Just how far from normality can one go without creating a problem? It is not so simple to
quantify a departure from normality, but a contrast to the homogeneity of variance assumption
can be made. We saw above that for the homogeneity of variance assumption, the variance of
one group could be three-times the variance of another group without changing alpha (the type I
error) at all, and could be nine-times the variance and only change alpha from 0.05 to 0.06, a
change of no importance. What might seem like appalling violations, then, are of no
consequence due to the robustness of the hypothesis tests. In contrast, the hypothesis tests are
even more robust to the assumption of normality. van Belle (2002, p.8) explains,
“Many investigators have studied the issue of the relative importance of the assumptions
underlying hypothesis tests (see, Cochran, 1947; Gastwirth and Rubin, 1971; Glass et al.,
1972; Lissitz and Chardoes, 1975; Millard et al., 1985; Pettitt and Siskind, 1981; Praetz,
1981; Scheffé, 1959; and others). All studied the effects of correlated errors on classical
parametric and nonparametic tests. In all of these studies, positive correlation resulted in
an inflated Type I error level, and negative correlation resulted in a deflated Type I error
level. The effects of correlation were more important than differences in variances
between groups, and differences in variances were more important than the assumption of
a normal distribution.”
What To Do With This Knowledge
Your model is probably fine in most cases, if your data are somewhat symmetrical and skewness
does not occur in opposite directions for your study groups.

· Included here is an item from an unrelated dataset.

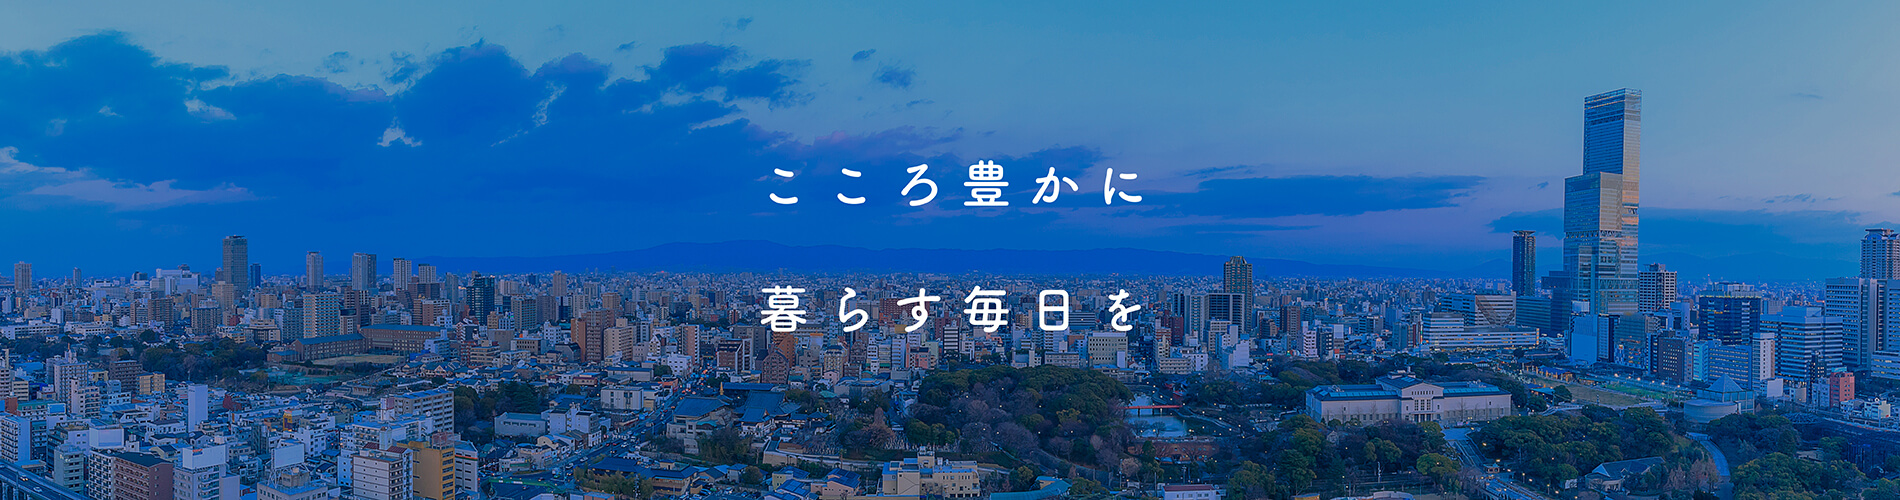 https://www.shikishima-j.co.jp/app-def/S-102/corporate/wp-content/uploads/2021/09/slide_pc.jpg

There is no need to rush into transformations, which can be avoided in most cases.
Still, many journal reviewers are not aware of the robustness of linear regression to violations of
normality and homogeneity of variance, since this is not taught in introductory statistics courses,
so somethings you get a reviewer response to your manuscript asking if you tested the
assumptions of normality and equal variances.
As a final note, even when aware that linear regression is robust to the equal variance and
normality assumptions, statisticians will sometimes still go ahead and try a transformation when
the assumptions are violated. This is because an increase in precision is frequently gained by the
transformation, making it easier to achieve statistical significance. We will see an example of
this in the “modeling costs” chapter, where a log transformation of the hospitalizaiton cost
variance shrinks the variance considerably.